With that lengthy introduction and those definitions out of the way, we come to the big question of this week’s post:

Should books have content warnings on them just like movies and TV shows?

My answer would be no to content warnings, but yes to trigger warnings. I don’t like the idea of bookstores restricting someone from buying a book based on the person’s age. I don’t want my future children to walk into a bookstore and pick up a book, go to the counter to pay for it only to be told “Sorry but this book is rated R. We don’t think you’re old enough to read this book, so we can’t sell this to you.” That’s my job as a parent to monitor what my children are reading, not the bookstore’s. I can’t imagine that I would restrict very many books from my children, anyway.

I do think trigger warnings are necessary and that every book should come with them, mainly because I like that trigger warnings don’t enforce anything on readers. They simply inform the readers of the book’s content and then allow readers to decide to either read it or put it down and find something else, instead. I feel like trigger warnings give freedom to everyone. They give authors the freedom to continue to write about what they want without censoring any content and they give readers the freedom to browse books and pick books to read based on their personal interests and needs. I would compare it to a news segment where graphic footage is about to be shown and the anchors warn the audience that they are about to show graphic footage. The viewers at home then have the choice to continue watching or change the channel, but they aren’t restricted from viewing it, nor is the news station restricted from showing it.

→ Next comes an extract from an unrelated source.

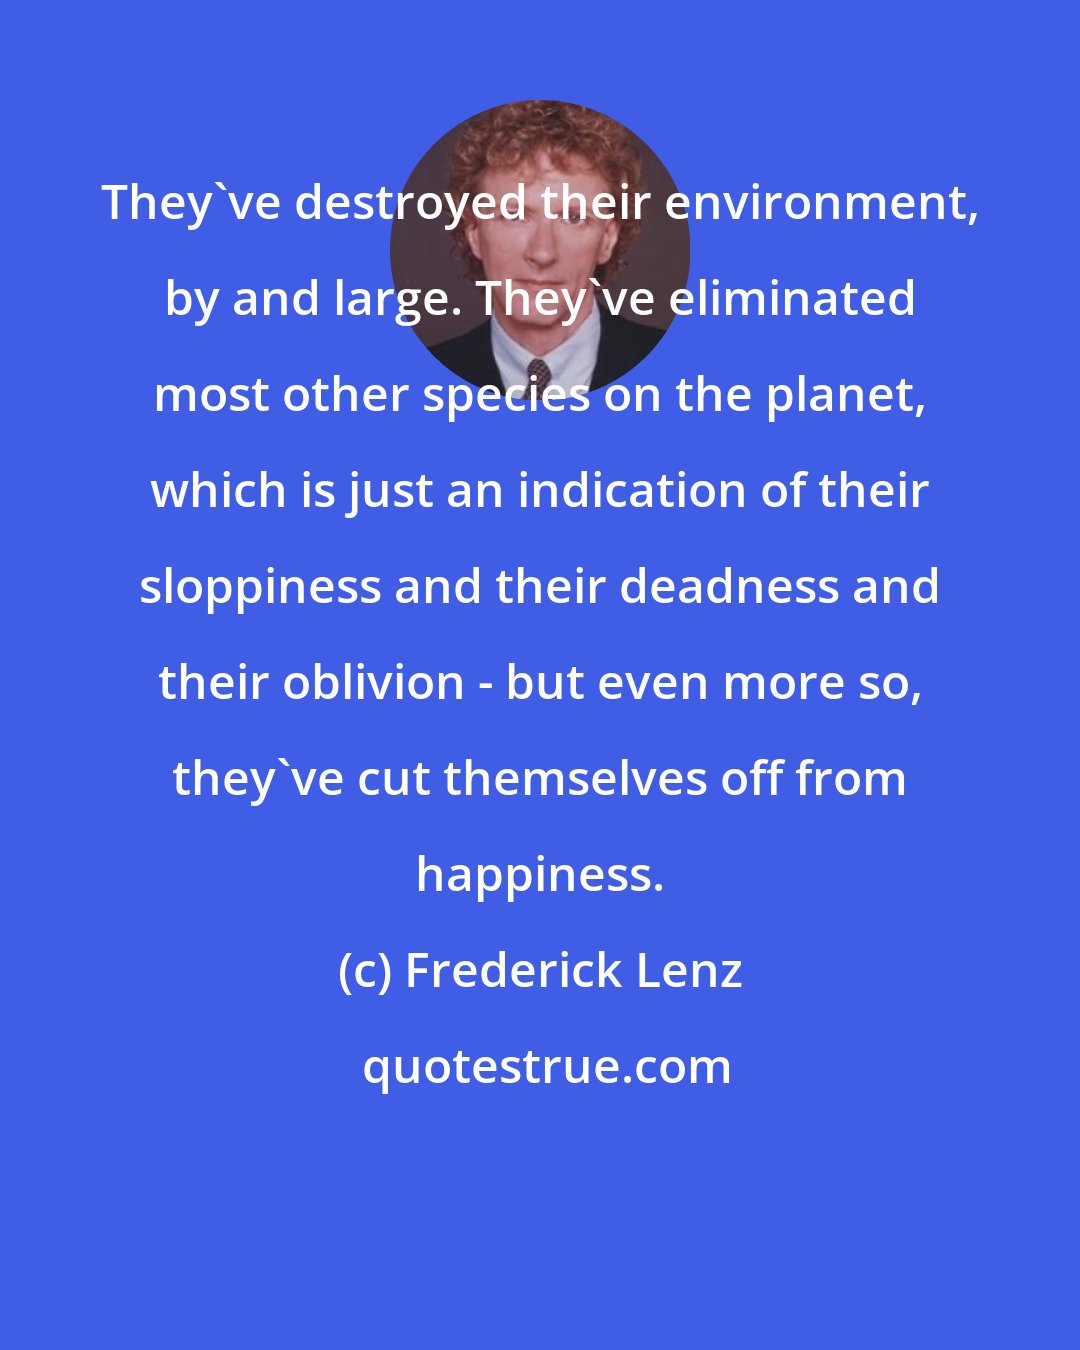 Frederick Lenz: They've destroyed their environment, by and large. They've eliminated most other species on the planet, which is just an indication of their sloppiness and their deadness and their oblivion - but even more so, they've cut themselves off from happiness.
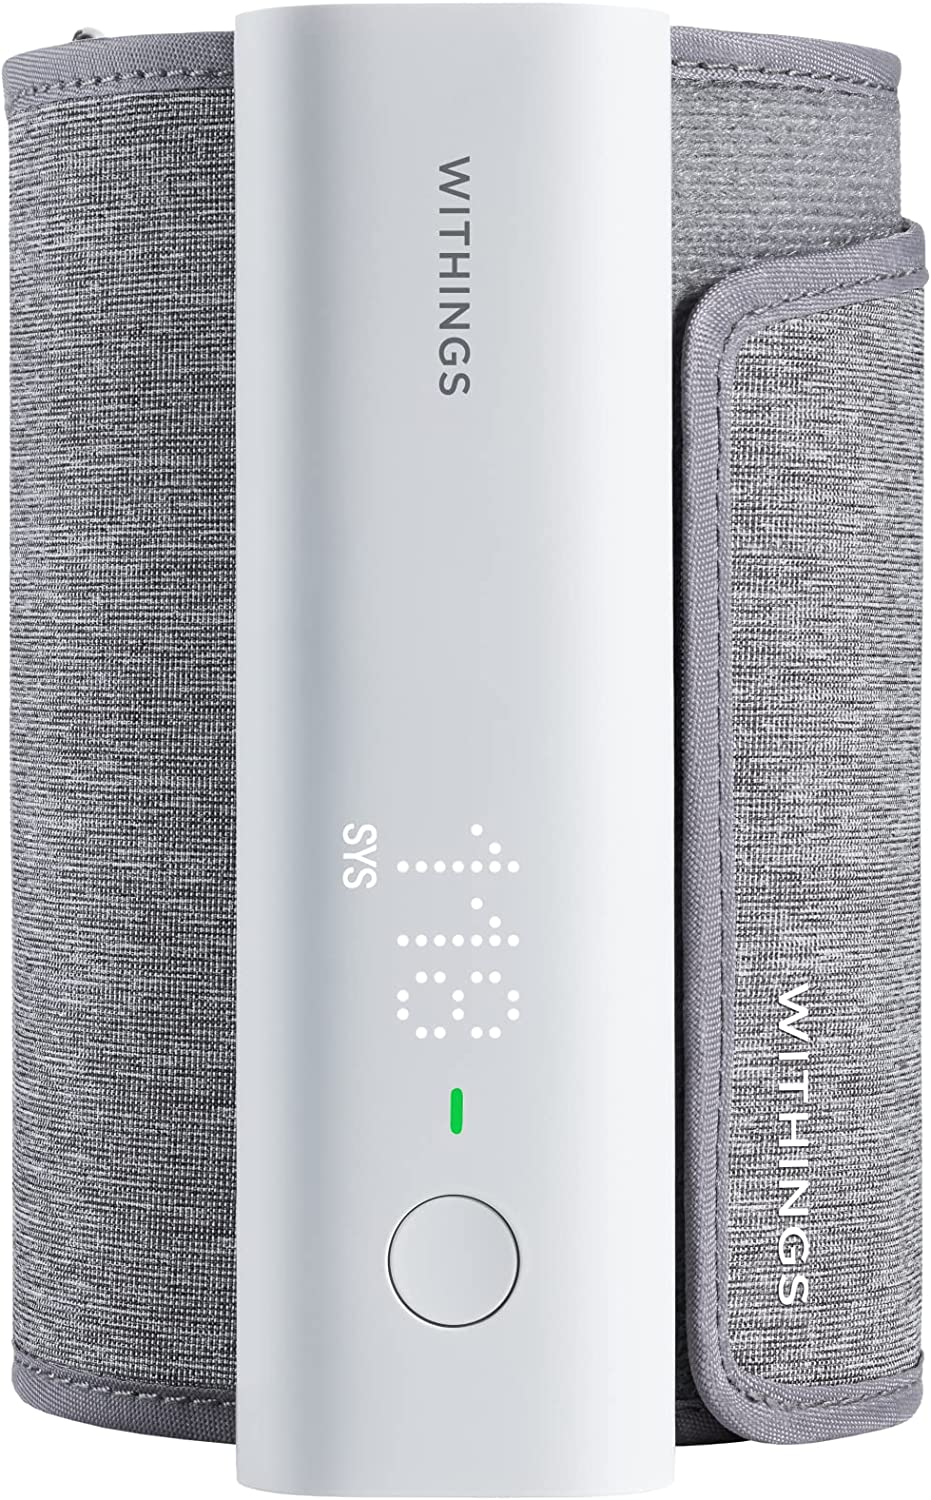 https://www.dontwasteyourmoney.com/wp-content/uploads/2021/08/withings-wi-fi-fda-approved-blood-pressure-monitor.jpg

You might think “Well I’m not a trauma victim, why do I need a trigger warning?” but think of it this way. Even if you are not recovering from a traumatic experience, you may simply just not like reading books with excessive violence or gore. In that case, you would be able to glance at the trigger warning to find out whether the book is something you might want to read or not. You might also think “Well, I don’t have a problem reading anything, so I don’t need a trigger warning.” That’s great, and in that case, you don’t need to pay attention to the trigger warnings when browsing for books. No one’s going to stop you from reading what you want because of the trigger warning; they just inform, they don’t regulate.

While trigger warnings are designed to help people recovering from trauma, they really help everyone. Even better, they restrict no one. They just offer a choice. People not in recovery from trauma would remain completely unaffected by trigger warnings, but trigger warnings would help those who are struggling with specific kinds of trauma to explore more literature without being afraid of accidentally undoing the progress they’ve made towards their recovery.

To end on a more personal note, I think if books did come with trigger warnings, I wouldn’t be so afraid to try and read new books because I would have the security of knowing I have a choice.

Having the choice available is key.

Copyright © 2017 A.A. Frias

9 thoughts on “Should Books Come With Content Warnings?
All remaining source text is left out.